Additional options¶
Annotation vs. filtering¶
If filter_df
is True (the default) Screener
returns a trimmed DataFrame that contains only the reports the LLM marked as relevant to your query.
Setting it to False activates annotate mode: every report/row from your original DataFrame is kept, and a boolean column is added denoting whether the report met your query or not. You can also rename this column with result_col_name
.
Annotate mode is useful where you want to add a column denoting whether the report matched your query, but you don't want to lose the non-matching reports from your dataset.
screener = Screener(
llm=llm_client,
reports=reports,
)
annotated = screener.screen_reports(
user_query=user_query,
filter_df=False, # <--- create annotation column instead of filtering
result_col_name='custody_match' # <--- name of annotation column
)
Choosing which columns the LLM 'sees'¶
By default the LLM model reads the narrative heavyweight sections of each report: investigation, circumstances and concerns. You can expose or hide any field with include_*
flags.
For example, if you are screening based on a specific cause of death, then you should consider setting include_concerns
to False, as including this won't benefit your search.
By contrast, if you are searching for a specific concern, then setting include_investigation
and include_circumstances
to False may improve accuracy, speed up your code, and lead to cheaper LLM calls.
user_query = "Death from insulin overdose due to misprogrammed insulin pumps."
screener = Screener(
llm=llm_client,
reports=reports,
include_concerns=False # <--- Our query doesn't need this section
)
result = screener.screen_reports(user_query=user_query)
In another example, let's say we are only interested in reports sent to a Member of Parliament.

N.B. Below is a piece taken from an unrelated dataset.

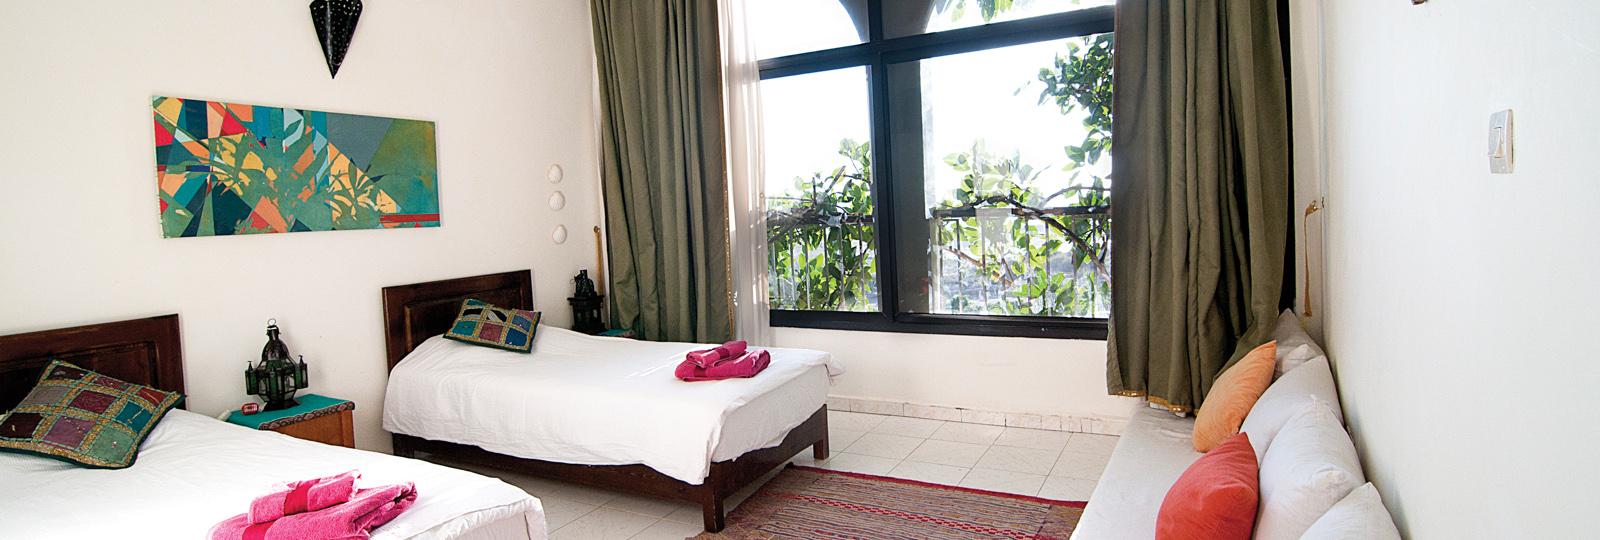 morocco-yoga-retreat-room-1.jpg
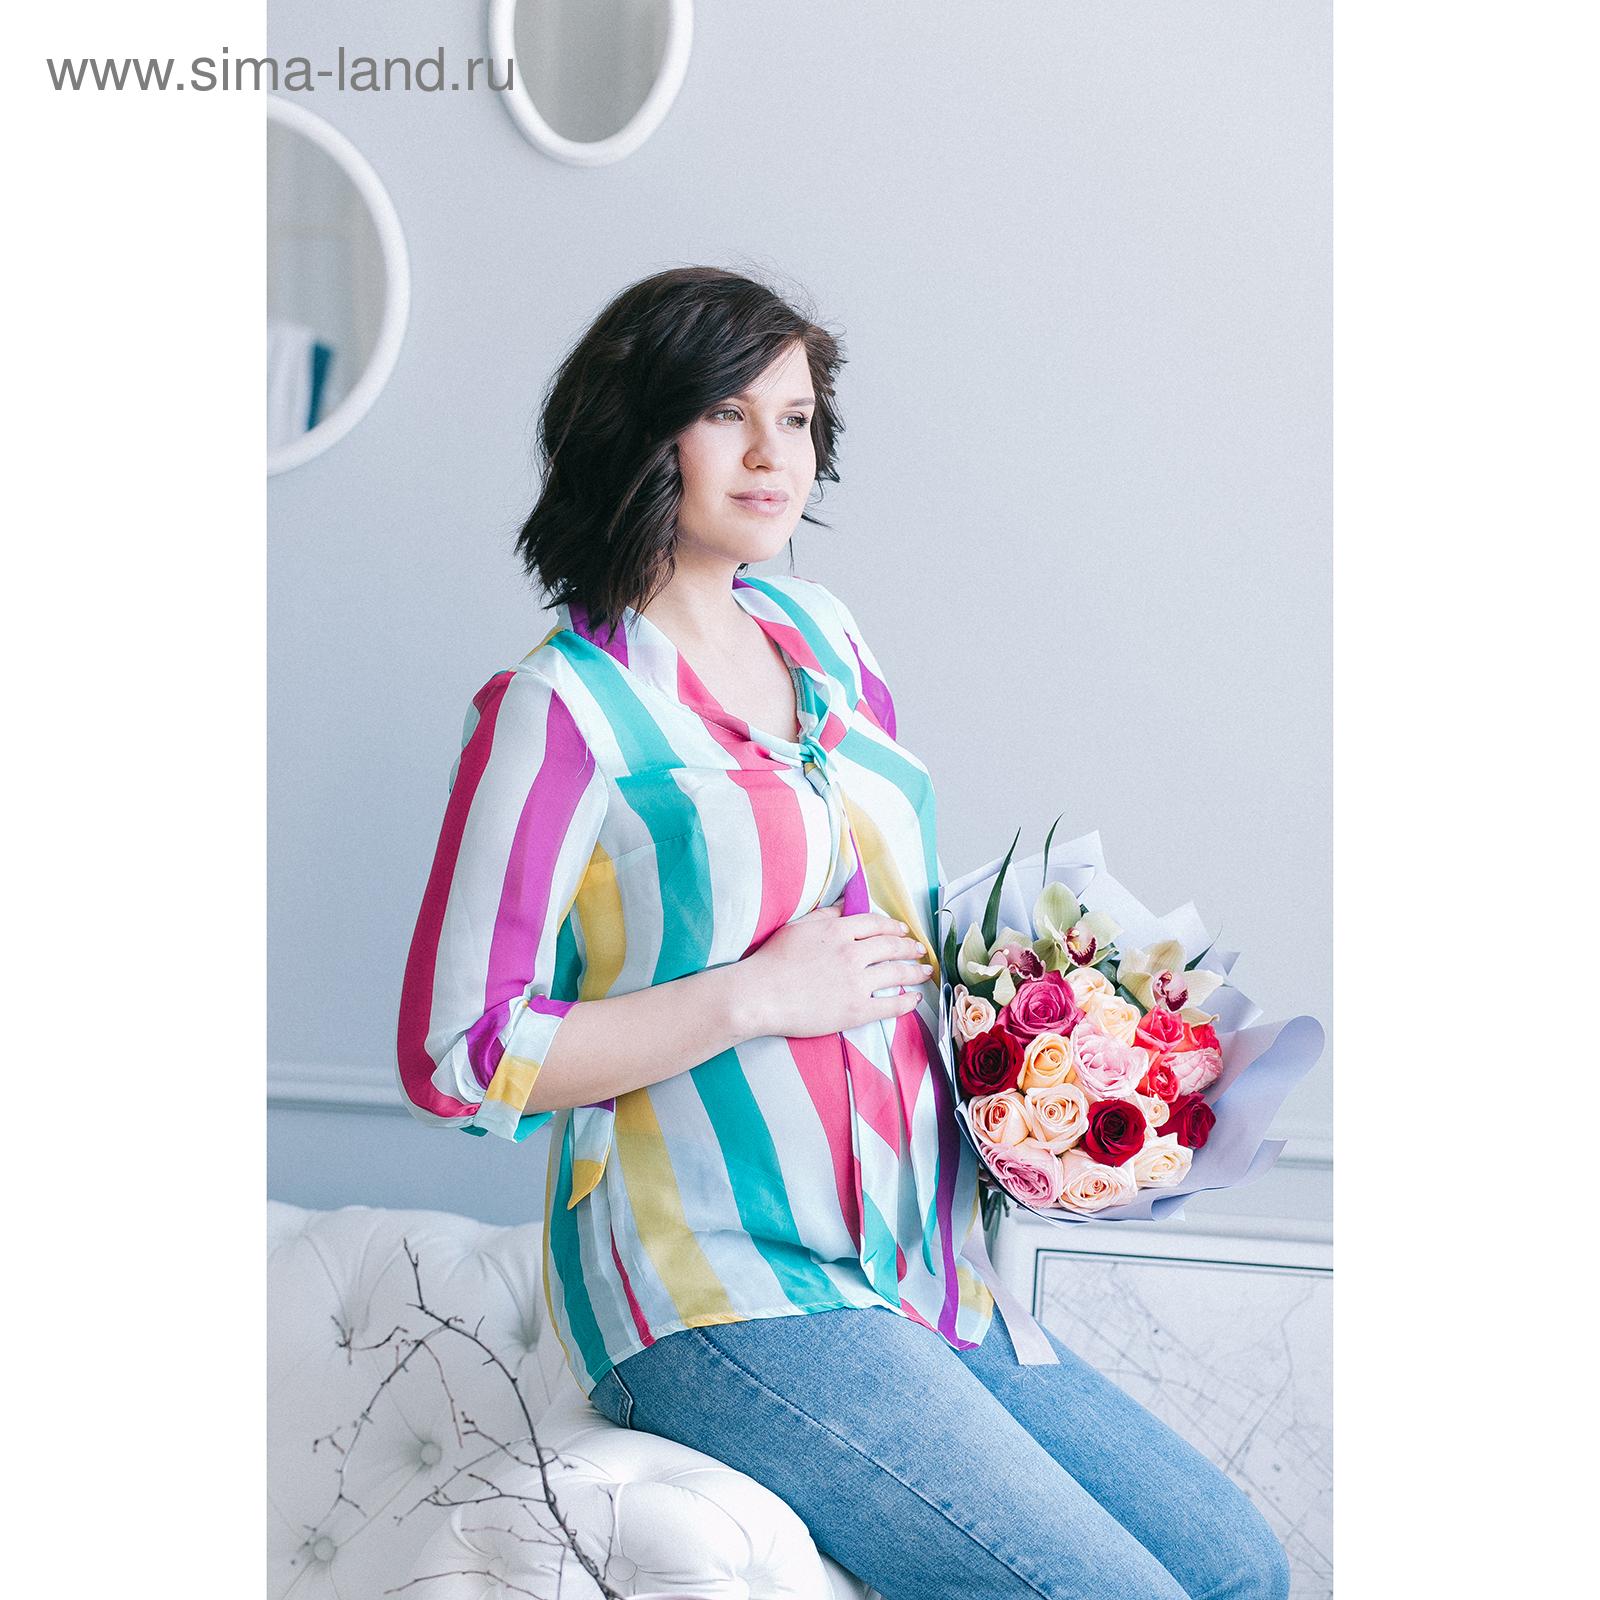 256483dc87ea Блузка для беременных 2207, цвет в полоску, размер 46, рост 170 ...

We'll want to turn off all default sections and only read from the receiver column.
user_query = "Whether the report was sent to a Member of Parliament (MP)"
screener = Screener(
llm=llm_client,
reports=reports,
# Turn off the defaults...
include_investigation=False,
include_circumstances=False,
include_concerns=False,
include_receiver=True # <--- Read from receiver section
)
result = screener.screen_reports(user_query=user_query)
All options and defaults¶
Flag | Report section | What it's useful for | Default |
---|---|---|---|
include_coroner |
Coroner’s name | Simply the name of the coroner. Rarely needed for screening. | False |
include_area |
Coroner’s area | Useful for geographic questions, e.g. deaths in South-East England. | False |
include_receiver |
Receiver(s) of the report | Great for accountability queries, e.g. reports sent to NHS Wales. | False |
include_investigation |
“Investigation & Inquest” section | Contains procedural detail about the inquest. | True |
include_circumstances |
“Circumstances of Death” section | Describes what actually happened; holds key facts about the death. | True |
include_concerns |
“Coroner’s Concerns” section | Lists the issues the coroner wants addressed — ideal for risk screening. | True |
Returning text spans¶
Set produce_spans=True
when calling screen_reports()
to capture the exact snippets from the report text that justified whether or not a report was returned as relevant or not. A new column called spans_matches_topic
will be created containing these verbatim snippets.
screener = Screener(llm=llm_client, reports=reports)
filtered_reports = screener.screen_reports(
user_query="Where the cause of death was determined to be suicide",
produce_spans=True,
drop_spans=False)
If you only want to use the spans internally, pass drop_spans=True
to remove the column from the returned dataset after screening.
Note
Producing but then dropping spans might seem a bit pointless, but it's actually likely a great way of improving performance. The LLM will generate these spans before deciding whether a report matches the query, allowing it to judge whether these spans truly capture the search criteria.